Und in der Tat tut sich um Nordstream 2 derzeit Merkwürdiges oder genauer: Das Merkwürdige ist, dass sich nichts tut. Die umstrittenen Ostseepipeline ist fertig gebaut, aber darf aufgrund fehlender Zertifizierungen nicht in Betrieb gehen. Wegen EU-Auflagen muss die Pipeline in den deutschen Hoheitsgewässern von einem unabhängigen Dritten betrieben werden, damit Gasförderung und der Transport nicht in einer Hand liegen. Die Nordstream 2 AG, hat dazu bei der Bundesnetzagentur einen Antrag gestellt, dass sie selbst als unabhängiger Übertragungsnetzbetreiber auftreten will. Ob das aber mit den EU-Auflagen in Einklang zu bringen ist, gilt unter Fachleuten als höchst fraglich. Bis zu zehn Monate Zeit haben Bundesnetzagentur und EU, um den Zertifizierungsantrag für Nord Stream 2 zu bescheiden. Dass dann wieder Sommer ist, nachdem sich Europa einen Winter lang blaugefroren hat, ist denen, die diesen Genehmigungsprozess betreiben, offenbar egal. Unerklärlich ist auch, warum diese Hürde erst nach Fertigstellung der Pipeline auftaucht und an einer Lösung nicht schon vorher gearbeitet wurde. Beim Gasprinz jedenfalls kommt das nicht wirklich gut an und er lässt seine Muskeln spielen.

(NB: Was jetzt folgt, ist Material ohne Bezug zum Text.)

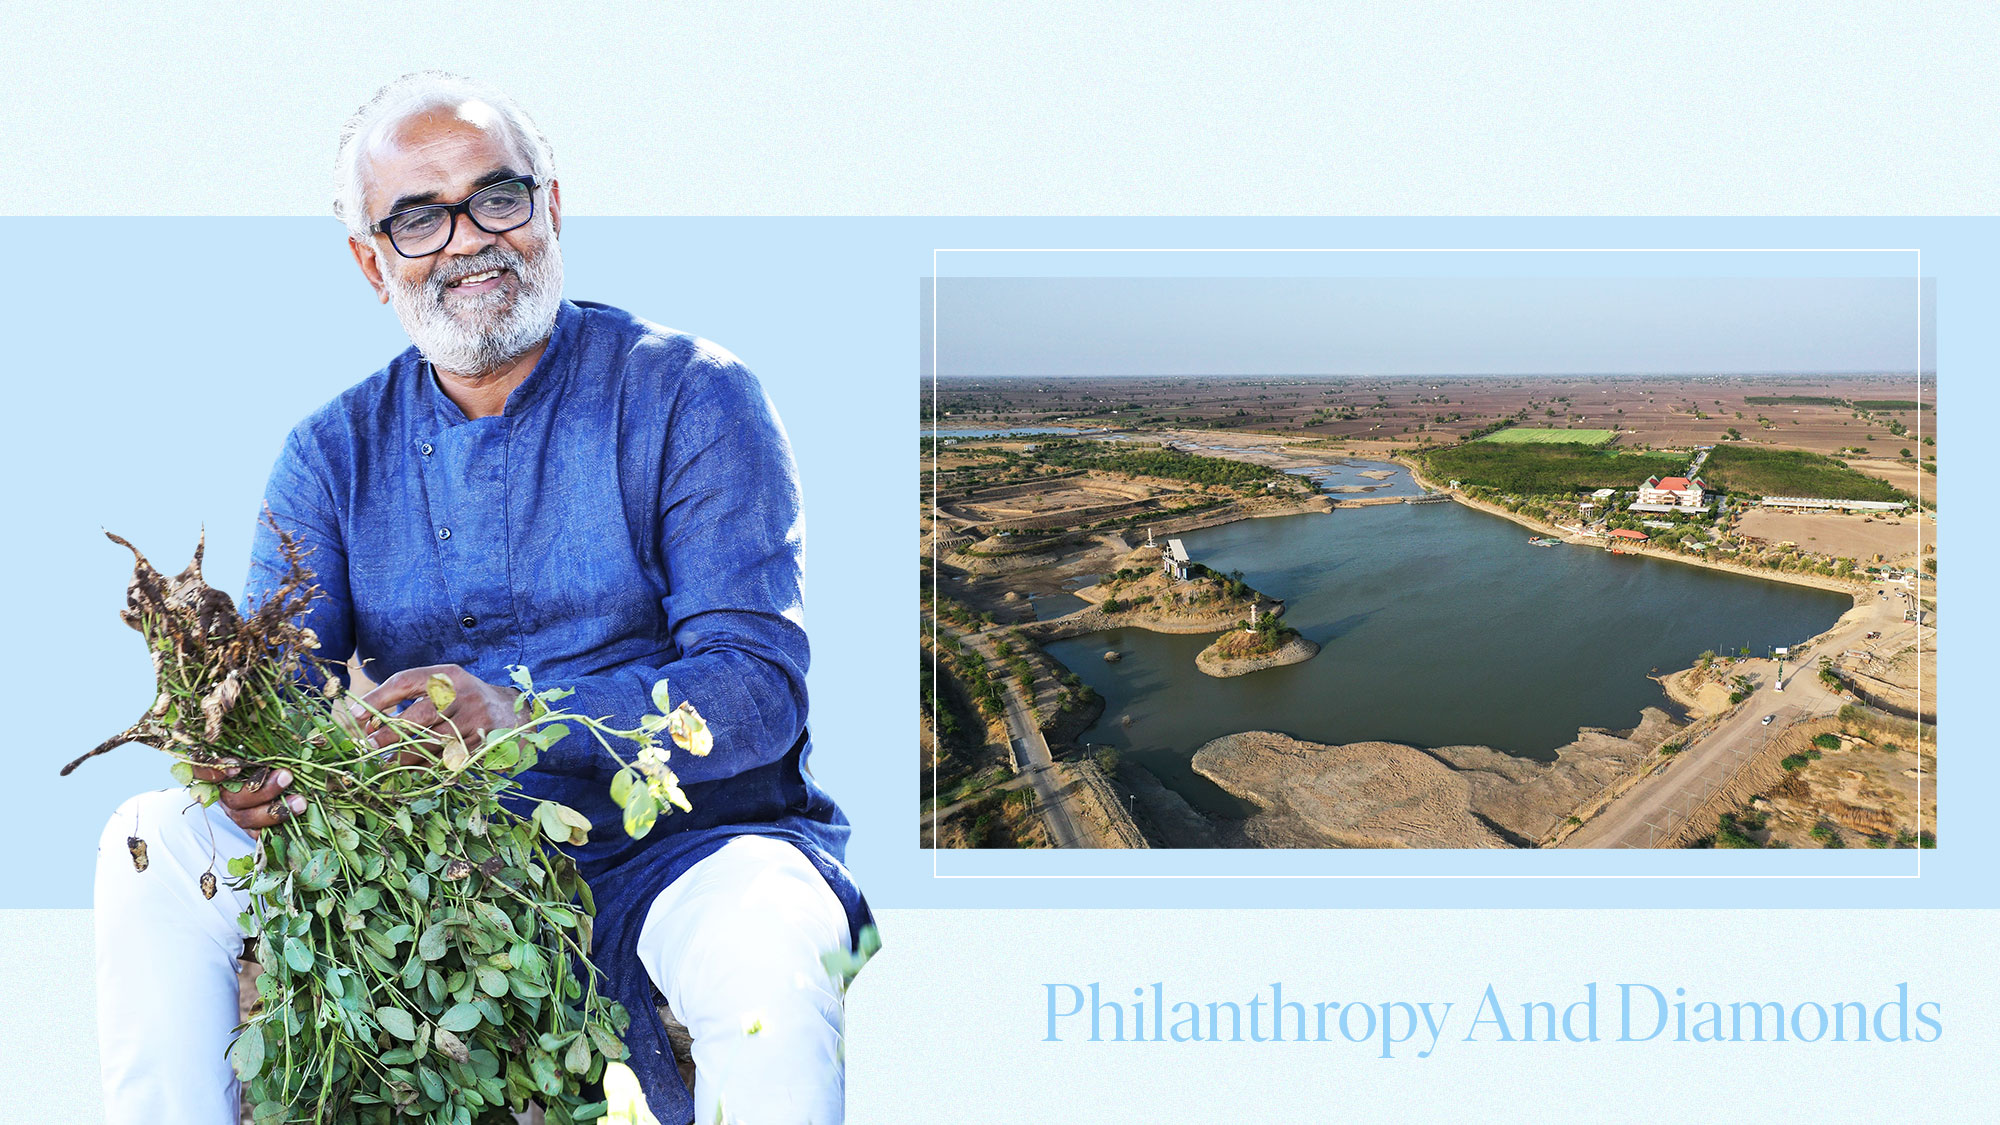 Padma Shri awardee Savji Dholakia on Philanthropy and Diamonds

In der EU allerdings will sich niemand erpressen lassen und sich schon gar nicht den Anschein geben, rechtstaatliche Verfahren auch nur zu beschleunigen, damit das umstrittene Projekt Nordstream 2 in Betrieb gehen kann. Die politischen Hindernisse angefangen von den polnischen Bedenken gegen das Projekt bis hin zum zeitweiligen amerikanischen Veto, waren schon groß genug. Deswegen bleibt den Europäern nichts anderes übrig als an das Gewissen des Prinzen zu appellieren. Der Exekutivdirektor der Internationalen Energieagentur (IEA), Fatih Birol, fordert Russland auf, zu beweisen, dass es ein „zuverlässiger Lieferant“ sei, indem es dazu beitrage, die Angebotskrise zu lindern. Und die noch amtierende Bundeskanzlerin Angela Merkel schloss sich der Argumentation Putins an und sagte: „Russland kann ja nur Gas liefern auf der Grundlage von vertraglichen Bindungen und nicht einfach so.“ Es stelle sich die Frage, ob überhaupt genug Gas bestellt worden sei. Putin wird das mit Zufriedenheit gehört haben. Die Strategie von ihm und Gazprom-Manager Miller jedenfalls, russisches Gas so teuer wie möglich zu verkaufen und die neue Pipeline möglichst bald mit Gas zu füllen, geht auf.